Remembering how the production Exchange cluster was configured, I knew that many Exchange resources needed to be created. Fortunately, Exchange System Attendant creates them for you. To access Exchange System Attendant, in Cluster Administrator I selected File, New, Resource, then selected Exchange System Attendant from the drop-down list. I followed the rest of the wizard, making sure to choose the IP Address, Network Name, and Physical Disks, so that they were listed as dependencies.
Apply the Service Pack and Restore
The last step before I could restore the data was to apply Exchange 2003 SP2. It’s important to apply the same service pack as the one that's on the production Exchange server before you attempt to mount databases because the physical structure of database pages sometimes changes in service packs.
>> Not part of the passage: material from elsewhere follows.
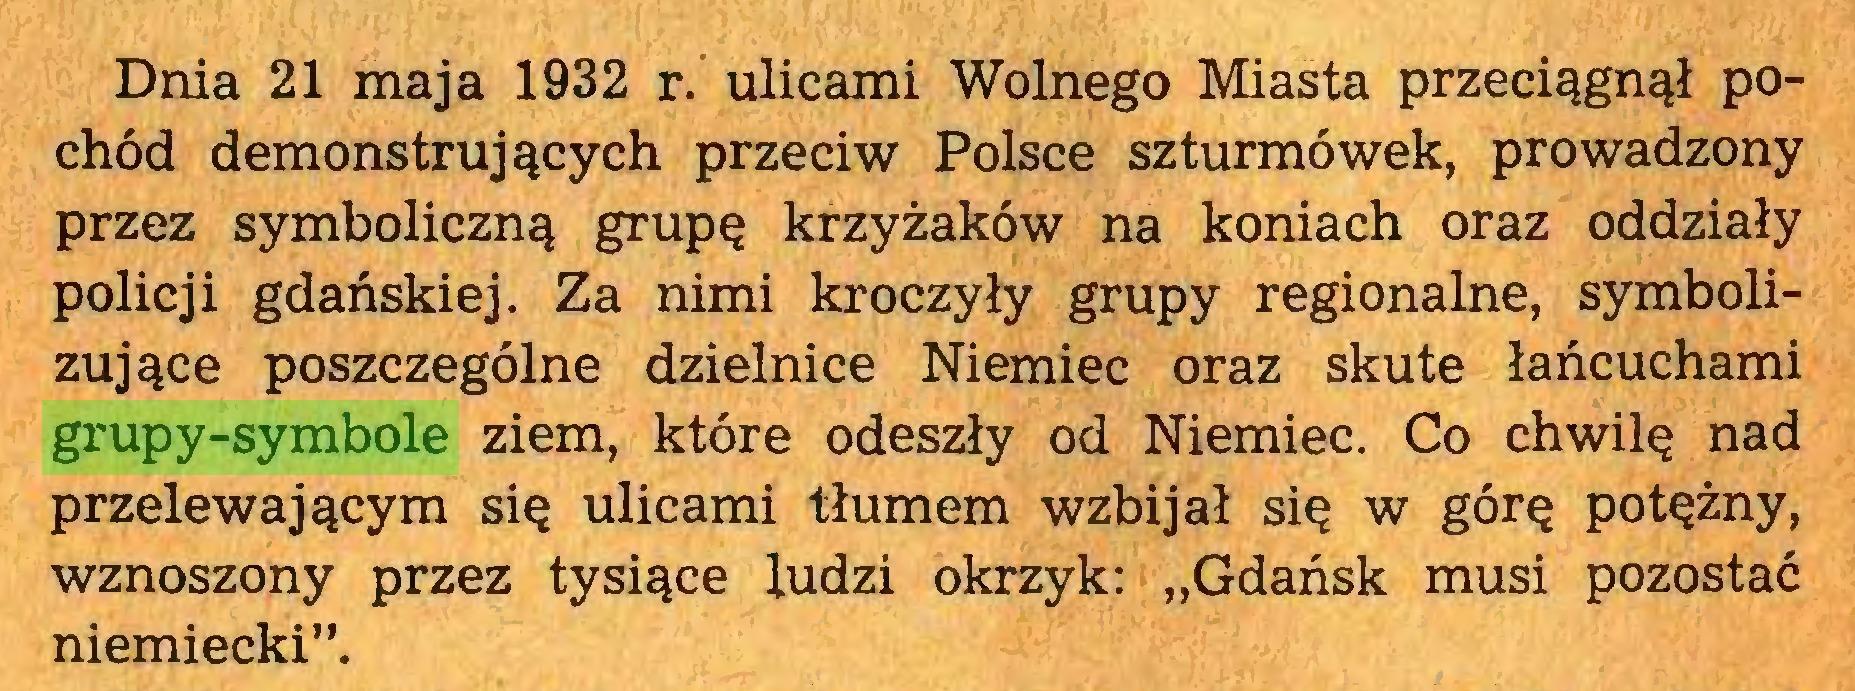 """(...) Dnia 21 maja 1932 r. ulicami Wolnego Miasta przeciągnął pochód demonstrujących przeciw Polsce szturmówek, prowadzony przez symboliczną grupę krzyżaków na koniach oraz oddziały policji gdańskiej. Za nimi kroczyły grupy regionalne, symbolizujące poszczególne dzielnice Niemiec oraz skute łańcuchami grupy-symbole ziem, które odeszły od Niemiec. Co chwilę nad przelewającym się ulicami tłumem wzbijał się w górę potężny, wznoszony przez tysiące ludzi okrzyk: """"Gdańsk musi pozostać niemiecki""""..."""

Attempting to restore an Exchange database from a server running Exchange 2003 SP2 to a server with no service pack simply doesn't work.
I downloaded Exchange 2003 SP2 and attempted to run update.exe from it but received the error message that Figure 6 shows. When I received this message, at first I thought I'd need to set up a second node. Then I thought, “I wonder if I can simply take the cluster offline and apply the service pack to it that way?" I took the node offline and, sure enough, I was then able to run update.exe and apply SP2 successfully.
After the installation finished and I restarted the VM, I opened Cluster Administrator and upgraded Exchange by right-clicking an Exchange resource and clicking Upgrade Exchange Virtual Server. I now had an exact replica of our production cluster, running in a VM, ready to accept a database restore.
This story has a happy ending: Our disaster recovery drill went off without a hitch, and now management feels better knowing that we can restore our data center. This example is just one of many ways that virtualization technology has helped me over the years. If you haven't tried virtualization software yet, I encourage you to experiment with using it—for example, in software testing, server consolidation, extending the life of legacy OSs, or for disaster recovery, as my company has done. Now that both Microsoft and VMware offer free virtualization products, you've got an excuse to at least give the technology a try.